Perjamuan Terakhir oleh Leonardo da Vinci: sebuah analisis karya

Perjamuan Terakhir oleh Leonardo da Vinci: sebuah analisis karya
Patrick Gray

Perjamuan Terakhir adalah lukisan di dinding yang dibuat oleh Leonardo da Vinci antara tahun 1494 dan 1497.

Terletak di ruang makan Biara Santa Maria Delle Grazie di Milan, Italia.

Komposisi bergambar ini berukuran 4,60 x 8,80 meter dan merupakan salah satu karya paling terkenal di dunia dan salah satu yang paling terkenal dari sang seniman, serta salah satu yang paling banyak dipelajari dan ditiru dalam sejarah seni.

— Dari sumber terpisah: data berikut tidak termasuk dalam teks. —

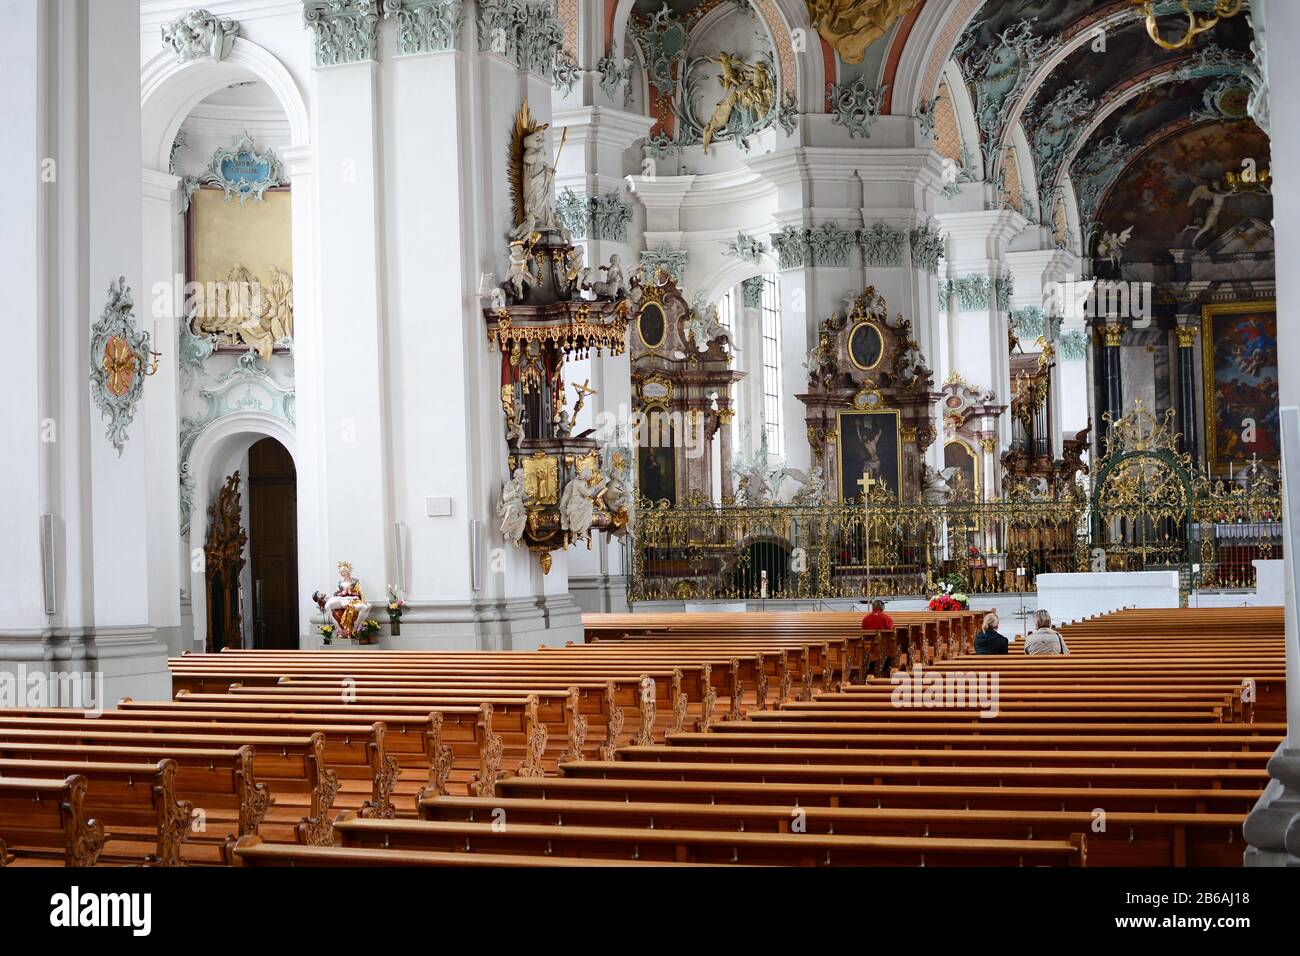 ST. Gallen, SCHWEIZ - 10. JULI 2014: Die Stift Sankt Gall. Die seit 719 bestehende Römisch-Katholische Kathedrale gehört zur UNESCO-Welt Herita Stockfoto

Perjamuan Terakhir dilukis oleh Da Vinci antara tahun 1494 dan 1497

Analisis Cat

Interpretasi

Perjamuan Terakhir juga dikenal sebagai Perjamuan Kudus menggambarkan momen alkitabiah ketika Kristus berbagi makanan terakhirnya dengan para muridnya. Momen yang ditunjukkan dalam lukisan ini adalah ketika Yesus baru saja menyatakan bahwa "salah satu dari kalian akan mengkhianati Aku" dan murid-murid akan bertanya "Apakah saya, Pak?" .

Teori ini didasarkan pada kegelisahan yang tampaknya telah menguasai para rasul yang, dengan gerak tubuh dan ekspresi yang dramatis, menunjukkan kekhawatiran dan kegelisahan .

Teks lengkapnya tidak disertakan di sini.